Professor Kirke—or Uncle Digory, as he's asked us to call him privately, has helped me understand a little more about waiting. It still amazes me that he and Aunt Polly were at the very Creation, and I know he, too, longs for the day when he will breathe the sweet, free air of Narnia again. Studying with him is perhaps the only distraction that I could manage, and I am learning what it means to be a good man here in England.
SUSAN
It isn't fair. I know I sound childish, but it truly isn't fair! To bring us back for so short a time, and send us away forever... I cannot bear it. Is it punishment for not having believed Lucy that day in the woods? Punishment for somehow having failed him? But Aslan knows best, Lucy says, trying to help me understand it. Aslan knows what he is doing. It will work out.
I'm sorry, Lucy, but I think you're wrong. It won't work out. Mother and Father are taking me to America for holidays—maybe there I will find some peace, some distraction from this constant nagging ache of memory. Don't write to me as if we were Queens still! You may be, but I am not. Maybe I never really was. Maybe it was all, somehow, just a dream... the fancies of children playing make-believe.
EDMUND
I told Peter that the only reason Aslan was letting me return was because he knew Aunt Alberta would kill me when she found out I'd lost my new torch. He's doing better—he actually laughed at that one. Easy for him to laugh, he's not going to stay with her this summer. I think it's been good for him, going to study with the Professor, though I wish I could go to, by Jove! It's going to be bad enough being with bloody Eustace all summer, but if he doesn't treat Lu with respect...
I was going to say I'd challenge him. Hah. Because I can do that, here. Maybe I could, if we were both grown... or if Eustace wasn't such a nancy. I suppose that's unfair. After all, he has lived with Alberta and Harold his entire life. I was an ass myself, and at least he's never sold anyone out to their worst enemy.
Peter says I need to think of myself, rather than worrying about him and Lucy and Susan. I told him not be a ninny, I wasn't worrying about Susan. But I know what he means. I think I'm really all right. I feel as if we accomplished what we were meant to do with Caspian. He's on the throne now, and he will rule well. We couldn't have hung around, a group of Kings and Queens right out of history, ruling the kingdom for him.
If and when Lu and I go back, I think it will be the last time for us as well... and it will be all right.
LUCY
I've dreaded going away to school for years, but I barely noticed it now that it's happened, I've been so caught up with Narnia. There's been so much to process that it's occupied all my brain-space. Although I like it here, I'm rather looking forward to going home, so that I can sit, and think, and talk with Peter and Edmund. I would talk with Susan, but Susan... she doesn't talk anymore.

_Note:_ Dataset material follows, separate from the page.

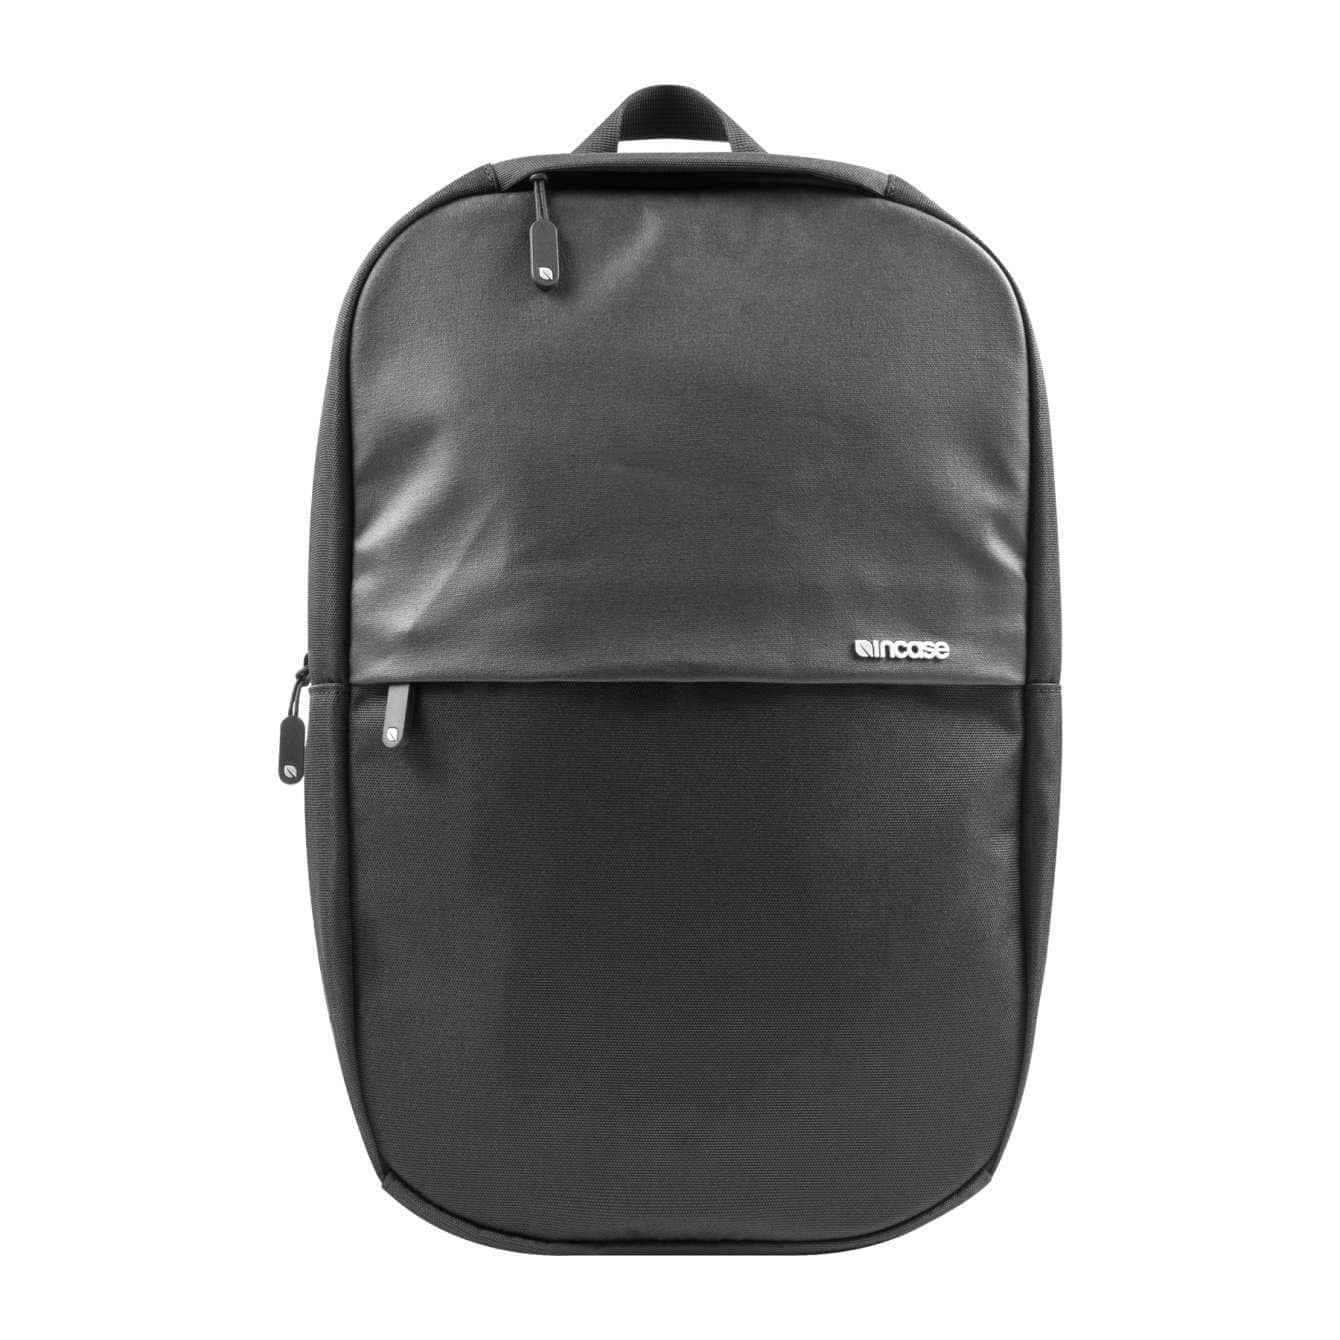 Incase Campus Exclusive Mini Backpack - Black - CL60430

Well, that's not entirely true. She talks a good deal really, but she doesn't say much. It's very odd. And she runs around a good bit with the other girls—the silly ones, who roll their waistbands up to shorten their skirts, and wear lipstick after school. Sometimes she will sit and talk with me, but it isn't very often, and never when her friends are there. Mother says that Susan is just becoming a lady, but I remember when Susan began to "become a lady" last time, and it was nothing like this!
I get up every morning to greet the sun, though I can't play my flute here to welcome the sunrise. Our dorm has an eastern window, and I imagine, for a moment, that I am standing on the eastern balcony of Cair Paravel. I can pretend that I am gazing out over my seas, watching for the gold that tints the sky... and then, as the sun breaks through, for an instant I can almost see the face of Aslan smiling at me.